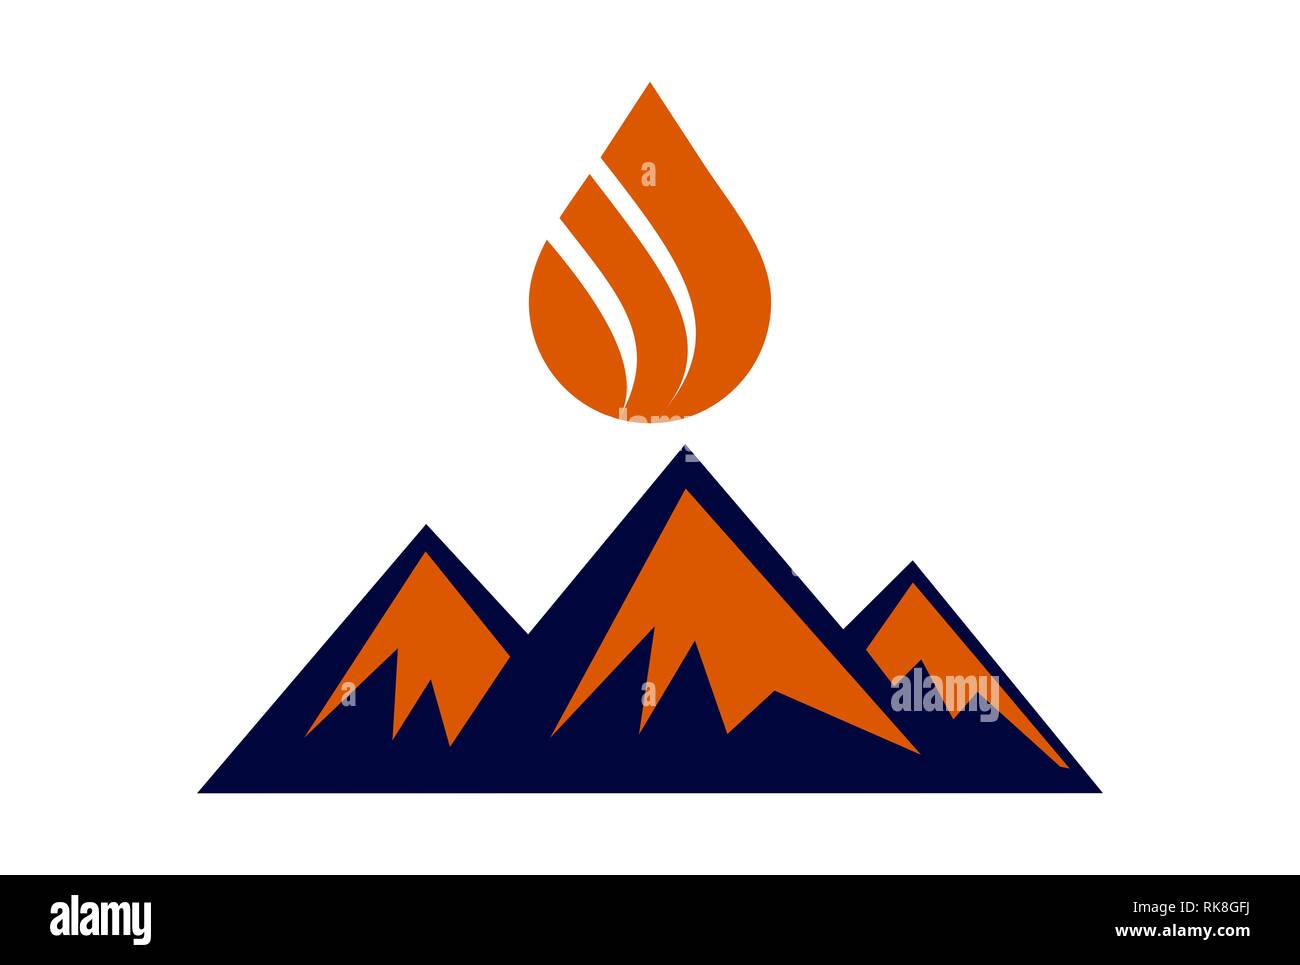 abstract mountain fire logo icon vector concept flat design Stock Photo
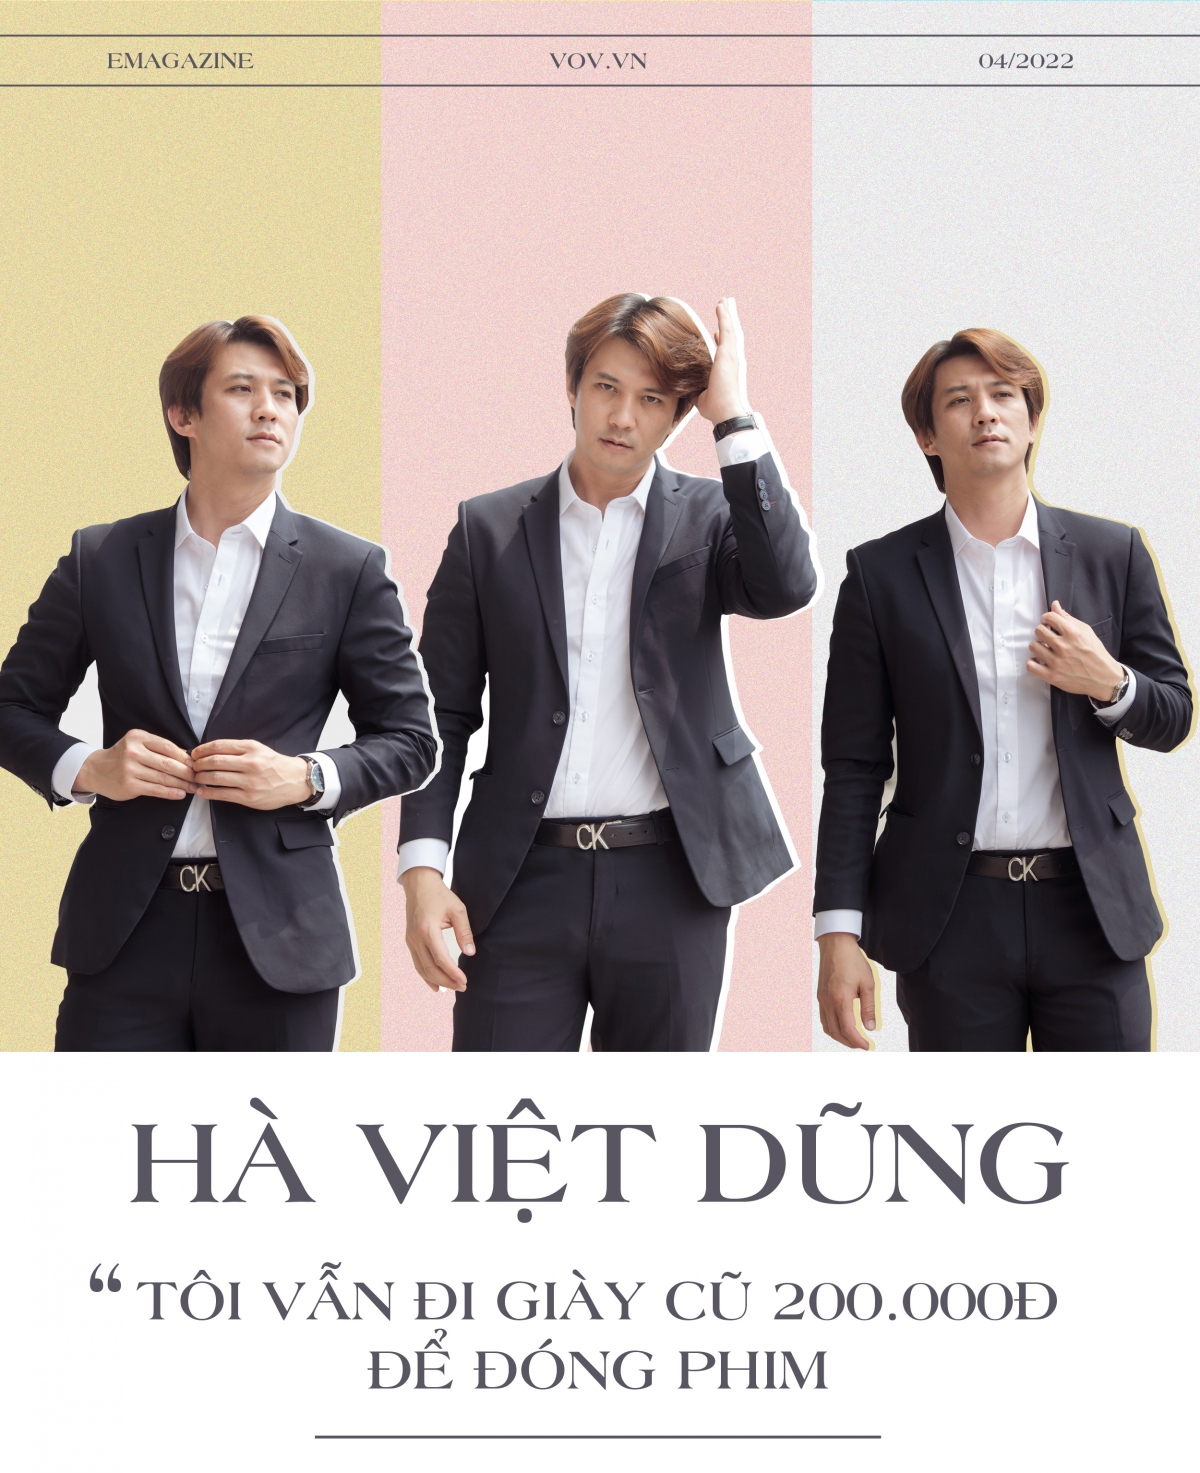 Hà Việt Dũng: “Tôi vẫn đi giày cũ 200.000đ để đóng phim”
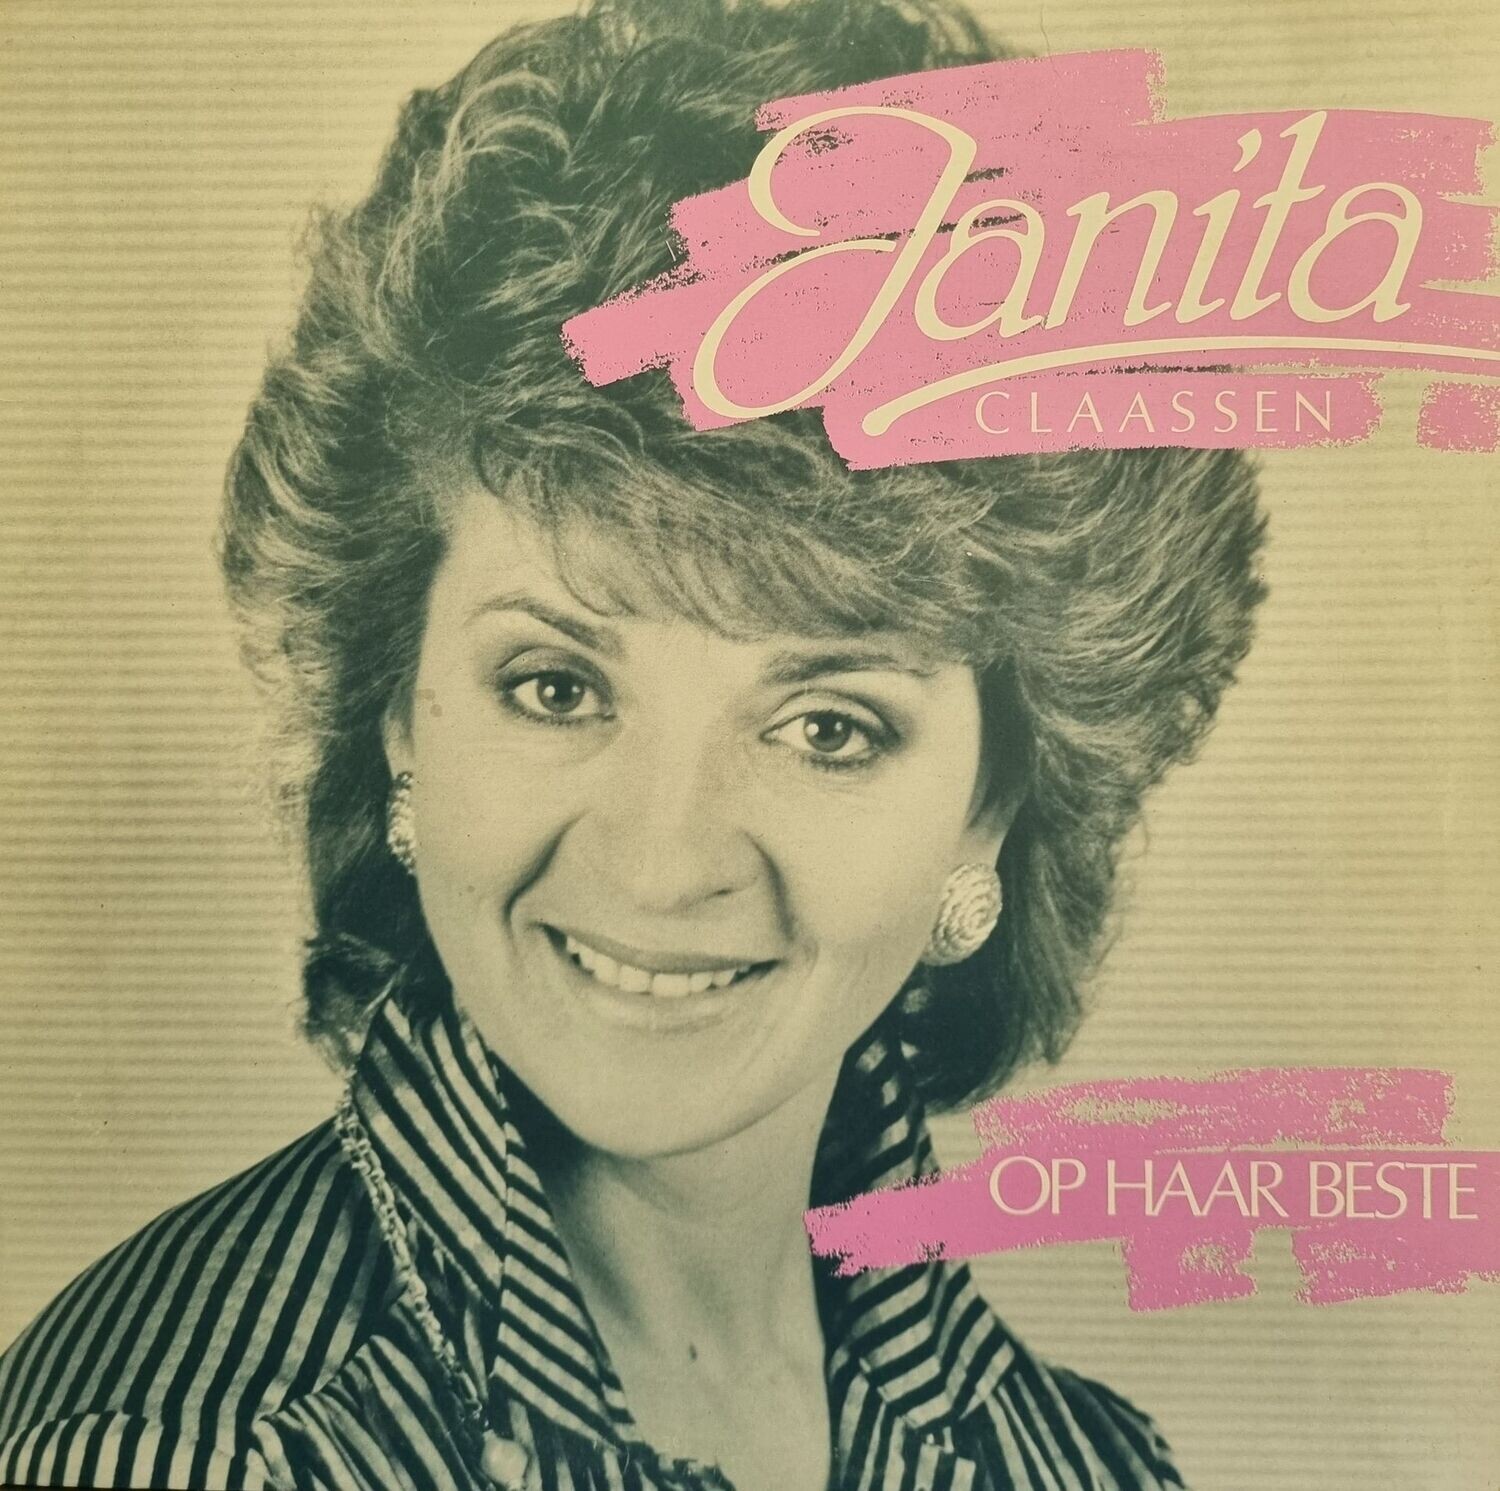 Janita Claassen – Op Haar Beste (1988)

------------------------------------------------

[Your objective]:
Without changing a single word, set down all of the material again and leave out its pictures.

[Answer to the exercise]:
 abstract mountain fire logo icon vector concept flat design Stock Photo
 Hà Việt Dũng: “Tôi vẫn đi giày cũ 200.000đ để đóng phim”
 Janita Claassen – Op Haar Beste (1988)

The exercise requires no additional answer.